Jan 26 06:51:09 crc-hsl9k-master-0 systemd[1]: install-runc.service: Consumed 11ms CPU time
- For the cgroup2, run the below from the node:
sh
mount | grep cgroup2
raw
cgroup2 on /sys/fs/cgroup type cgroup2 (rw,nosuid,nodev,noexec,relatime,seclabel)
cgroup on /var/lib/containers/storage/overlay/1ec73edf3e99a0772aaab2ba0f27110bb879a9fe86f607acc9de822489a4a9e1/merged/sys/fs/cgroup type cgroup2 (rw,nosuid,nodev,noexec,relatime,seclabel)
- For the kernelarguments, run the below from the node:
sh
# check kernel args in the node boot
cat /proc/cmdline
raw
BOOT_IMAGE=(hd0,gpt3)/ostree/rhcos-36fd944867b0e491991a65f6f3b7209c937fe3bd7cdbd855c7c5d5a7070ce570/vmlinuz-4.18.0-305.28.1.el8_4.x86_64 random.trust_cpu=on console=tty0 console=ttyS0,115200n8 ignition.platform.id=qemu ostree=/ostree/boot.1/rhcos/36fd944867b0e491991a65f6f3b7209c937fe3bd7cdbd855c7c5d5a7070ce570/0 root=UUID=91ba4914-fd2b-4a7c-b498-28585a80a40e rw rootflags=prjquota systemd.unified_cgroup_hierarchy=1 cgroup_no_v1=all psi=1
- For the subid configuration we run the below from the node:
sh
cat /etc/subuid
cat /etc/subgid
raw
core:100000:65536
containers:200000:268435456
raw
core:100000:65536
containers:200000:268435456
And we can observe that entries for container user and group exists too:
sh
getent passwd containers
getent group containers
raw
containers:x:1001:995:User for housing the sub ID range for containers:/var/home/containers:/sbin/nologin
raw
containers:x:995:
- For the cri-o configuration we run the below from the node:
sh
cat /etc/crio/crio.conf.d/99-crio-userns.conf
raw
# https://github.com/cri-o/cri-o/blob/main/docs/crio.conf.5.md#crioruntimeruntimes-table
[crio.runtime.runtimes.runc]
allowed_annotations=["io.kubernetes.cri-o.userns-mode"]

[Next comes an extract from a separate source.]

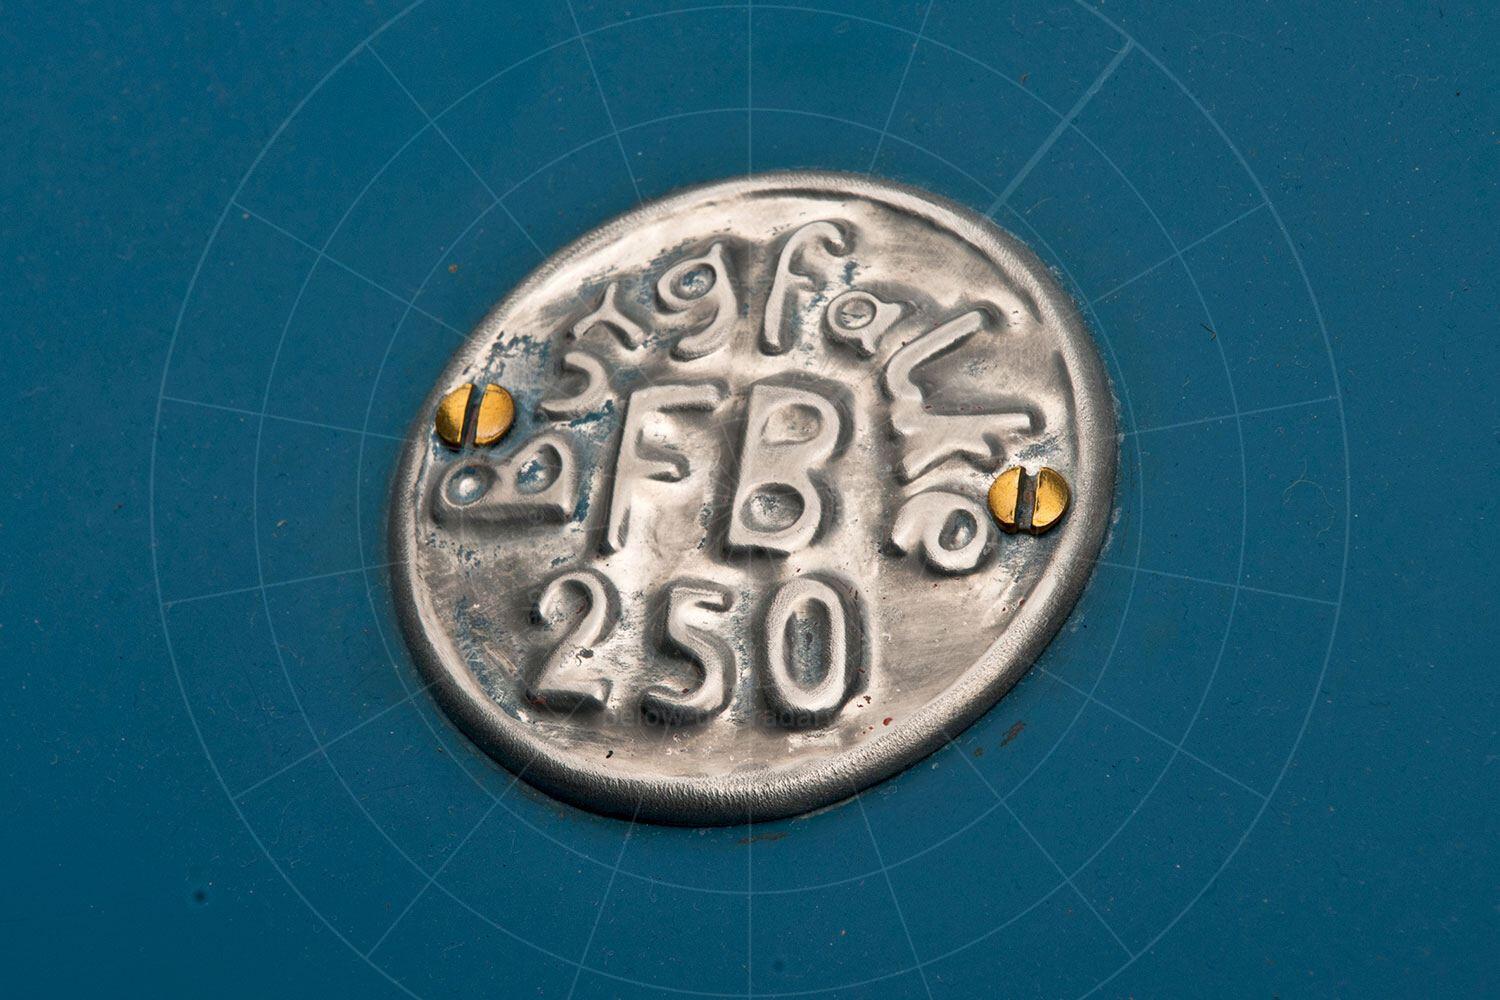 Burgfalke FB250 badge Pic: RM Sotheby's | Burgfalke FB250 badge

Now we can use the annotation below to enable user namespaces for a particular Pod:
yaml
apiVersion: v1
kind: Pod
metadata:
name: test-userns
annotations:
io.kubernetes.cri-o.userns-mode: "auto:size=65536"
spec:
serviceAccountName: test-userns
containers:
- name: userns-test
image: quay.io/fedora/fedora:35
command: ["sleep", "3600"]
Let's try quickly with the below:
sh
# Create a namespace
oc new-project test-userns
# Create the 'test-userns' service account to be used
oc create sa test-userns
# Add edit role to the sa
oc adm policy add-role-to-user edit -z test-userns
# Add anyuid security context constraint to the sa
oc adm policy add-scc-to-user anyuid -z test-userns
# We create the service
oc create -f pod.yaml --as system:serviceaccount:$( oc project -q ):test-userns
When the pod is ready, we check the user namespace by:
sh
oc exec pod/test-userns -- cat /proc/1/uid_map
raw
0 200000 65536
This means that the [0..65535] uids inside the container are mapped to [200000..265535] into the parent container.
When the user namespace is not used, the content of this file will be:
raw
0 0 4294967295
Wrap-up
With this configuration we can quickly set up our OCP cluster to quickly experiment with and investigate user namespace.
Knowledgements
- Thanks to Fraser Tweedale for his sessions to understand better the user namespaces.